# Bee Classes



## TheBigSwede (Nov 7, 2007)

I am planning to become a bee keeper. I live on an acre and a half in town and have a very large state park about a half block away. I am going to attend the U of MN beginners bee class in March with my granddaughter. My question is, will that be too late to start acquiring equipment? Thank you in advance.


----------



## alleyyooper (Apr 22, 2005)

No you can start gathering equipment starting yesterday, January is when you want to start shopping for either nucs or packages of bees that will be delivered some time in late April to early June.

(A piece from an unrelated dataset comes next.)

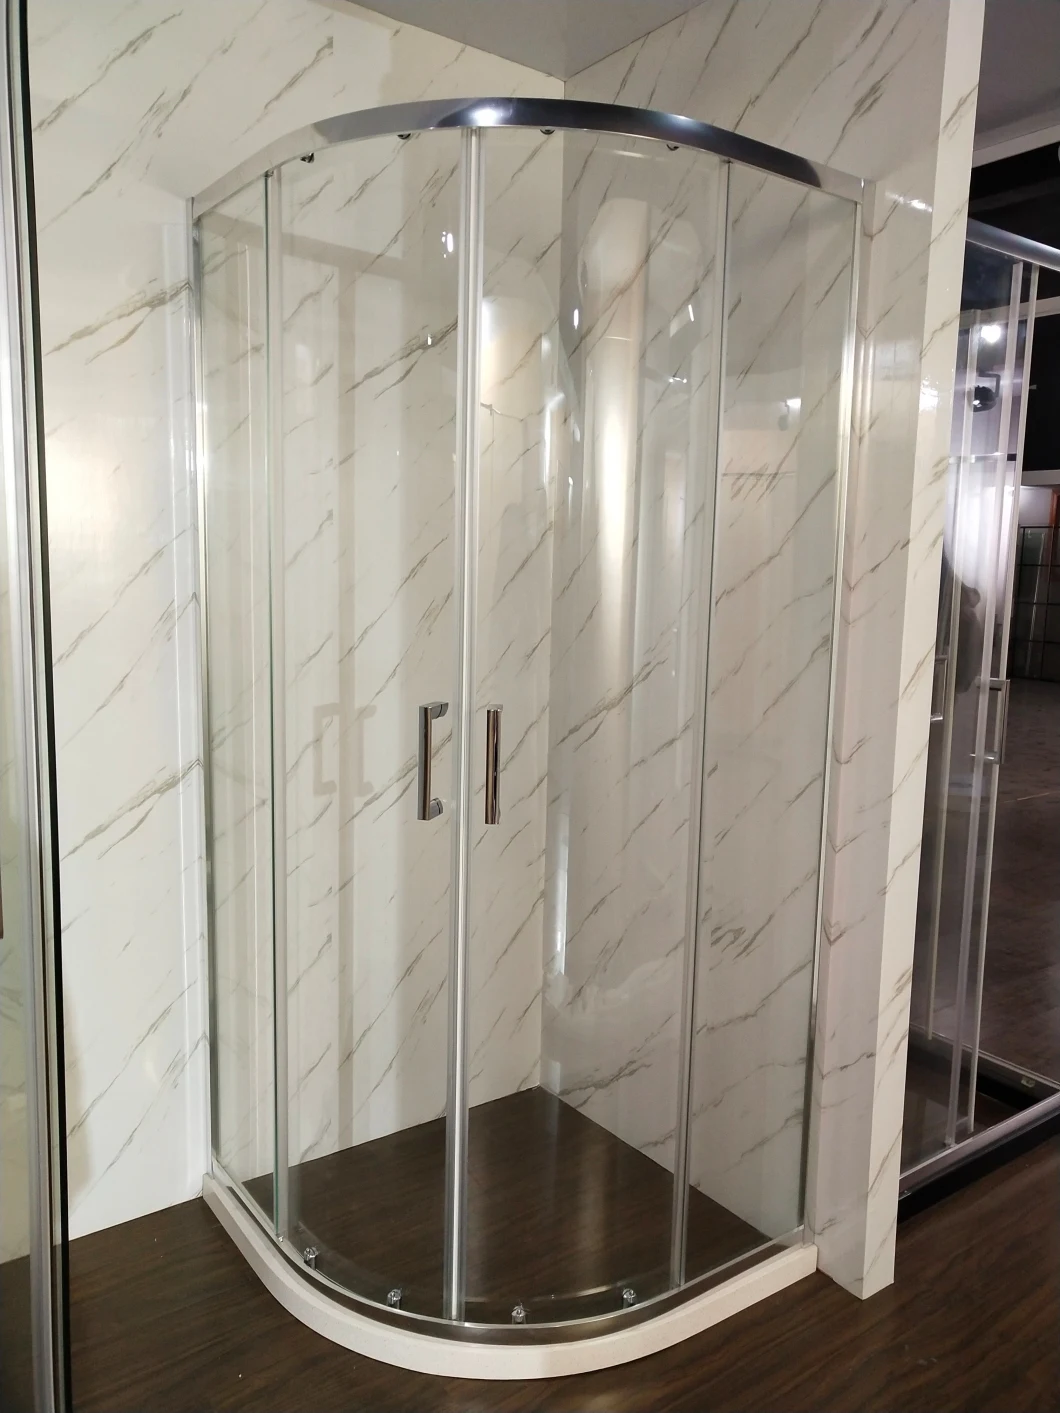 Economic Series Quadrant Shower Enclosure with Sliding Doors

Nothing wrong with having every thing assembled and painted by the time the bees arrive.

When Sue Colby was there Those clases were one of the highest rated in the US.

 Al


----------



## TheBigSwede (Nov 7, 2007)

Thanks AL, I reread the UofM website. The first class is in 2 weeks. I am going to sign up this afternoon.


----------



## alleyyooper (Apr 22, 2005)

You might like to read this as you start collecting equipment. I also forgot to mention you should find a near by club and join.

http://www.homesteadingtoday.com/li.../391373-so-you-think-you-want-bee-keeper.html


 Al


----------



## TheBigSwede (Nov 7, 2007)

I have read and reread it several times. I have read Bee Keeping for Dummies (British version) and just ordered the American version last week. I have read everything online that I could find and really enjoyed all that was written here at Homesteading Today. I will try and find information about a local club at the class at the UofM Bee Lab class in 2 weeks. Thanks for your help and rest assured that you haven't seen the last questions from me.


----------



## Finally Home (Oct 13, 2013)

You're going to enjoy it. I have never had a hobby that is anywhere near as interesting as bee keeping.


----------



## Finally Home (Oct 13, 2013)

Not sure what happened here. Can a mod delete this??


----------



## homemaid (Apr 26, 2011)

Beesource.com has a lot of information also. Probably a lot of the same people. Very informative.


----------



## arnie (Apr 26, 2012)

get your order in as soon as you can for package bees or you will be disappointed they sellout early


----------